Most transformer fashions use an identical structure however with some variations. These are the high-level constructing blocks of the mannequin, however you can not see the precise algorithm used, for instance, the order of the constructing blocks invoked with the enter sequence. You’ll find such particulars solely once you examine the mannequin implementation code.
Not all fashions have each an encoder and a decoder. Nevertheless, this design is quite common for sequence-to-sequence duties. The output from the encoder mannequin is known as the “contextual illustration” of the enter sequence. It captures the essence of the enter textual content. The decoder mannequin makes use of the contextual illustration to generate the ultimate sequence.
Evaluating the Results of Summarization utilizing ROUGE
As you may have seen the way to use the pretrained DistilBart mannequin to generate summaries, how are you aware the standard of its output?
That is certainly a really troublesome query. Everybody has their very own opinion on what an excellent abstract is. Nevertheless, some well-known metrics are used to judge numerous outputs of language fashions. One well-liked metric for evaluating the standard of summaries is ROUGE.
ROUGE stands for Recall-Oriented Understudy for Gisting Analysis. It’s a set of metrics used to judge the standard of textual content summarization and machine translation. Behind the scenes, the F1 rating of the precision and recall of the generated abstract is computed towards the reference abstract. It’s easy to grasp and straightforward to compute. As a recall-based metric, it focuses on the power of the abstract to recall the important thing phases. The weak spot of ROUGE is that it wants a reference abstract.
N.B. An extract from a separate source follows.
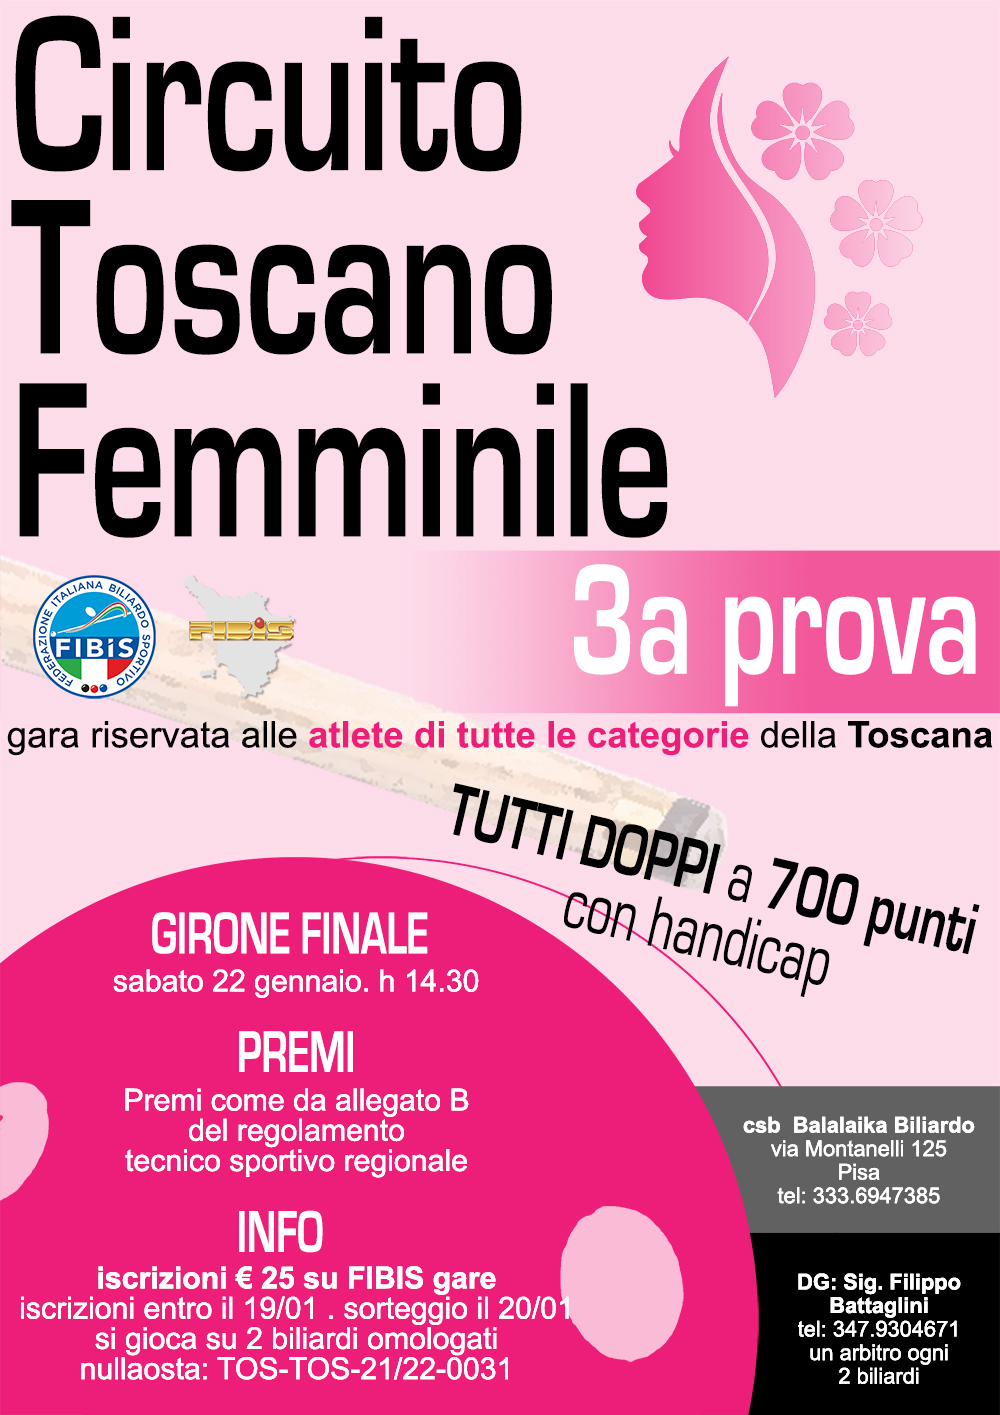 Circuito Toscano Femminile - 3° Prova

Therefore, the effectiveness of the analysis will depend on the standard of the reference.
Let’s revisit how we are able to use DistilBart to generate summaries:
1 2 3 4 5 6 7 8 9 10 11 12 13 14 15 16 17 18 19 20 21 22 23 24 25 26 27 28 29 30 31 32 33 34 35 36 37 38 39 40 41 42 43 44 45 46 47 48 |
import torch from transformers import AutoTokenizer, AutoModelForSeq2SeqLM
class Summarizer: def __init__(self, model_name=“sshleifer/distilbart-cnn-12-6”): “”“Initialize the summarizer with mannequin and tokenizer.”“” self.machine = “cuda” if torch.cuda.is_available() else “cpu” self.tokenizer = AutoTokenizer.from_pretrained(model_name) self.mannequin = AutoModelForSeq2SeqLM.from_pretrained(model_name) self.mannequin.to(self.machine)
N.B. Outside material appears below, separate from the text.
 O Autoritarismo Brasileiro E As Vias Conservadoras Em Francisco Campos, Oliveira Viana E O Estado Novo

def summarize(self, textual content, context_weight=0.5, max_length=150, min_length=50, num_beams=4, length_penalty=2.0, repetition_penalty=1.0, do_sample=False, temperature=1.0, early_stopping=True): “”“Generate a abstract with context consciousness.”“” inputs = self.tokenizer(textual content, return_tensors=“pt”, padding=True, truncation=True, max_length=1024 ).to(self.machine) # Generate abstract utilizing solely the enter tokens summary_ids = self.mannequin.generate( inputs[“input_ids”], attention_mask=inputs[“attention_mask”], max_length=max_length, min_length=min_length, num_beams=num_beams, length_penalty=length_penalty, repetition_penalty=repetition_penalty, do_sample=do_sample, temperature=temperature, early_stopping=early_stopping, ) # Decode and return the abstract abstract = self.tokenizer.decode(summary_ids[0], skip_special_tokens=True) return abstract
# Let’s run an instance to see the way it works summarizer = Summarizer() textual content = “”“ The event of synthetic intelligence has revolutionized quite a few industries. Machine studying algorithms now energy all the things from suggestion methods to autonomous automobiles. Deep studying, particularly, has proven exceptional success in duties like picture recognition and pure language processing. Nevertheless, these advances additionally elevate necessary moral issues about AI’s influence on society, privateness, and employment. ““”
abstract = summarizer.summarize(textual content) print(f“Abstract:n{abstract}”) |
The Summarizer
class masses the pretrained DistilBart mannequin and tokenizer after which makes use of the mannequin to generate a abstract of the enter textual content. To generate the abstract, a number of parameters are handed to the generate()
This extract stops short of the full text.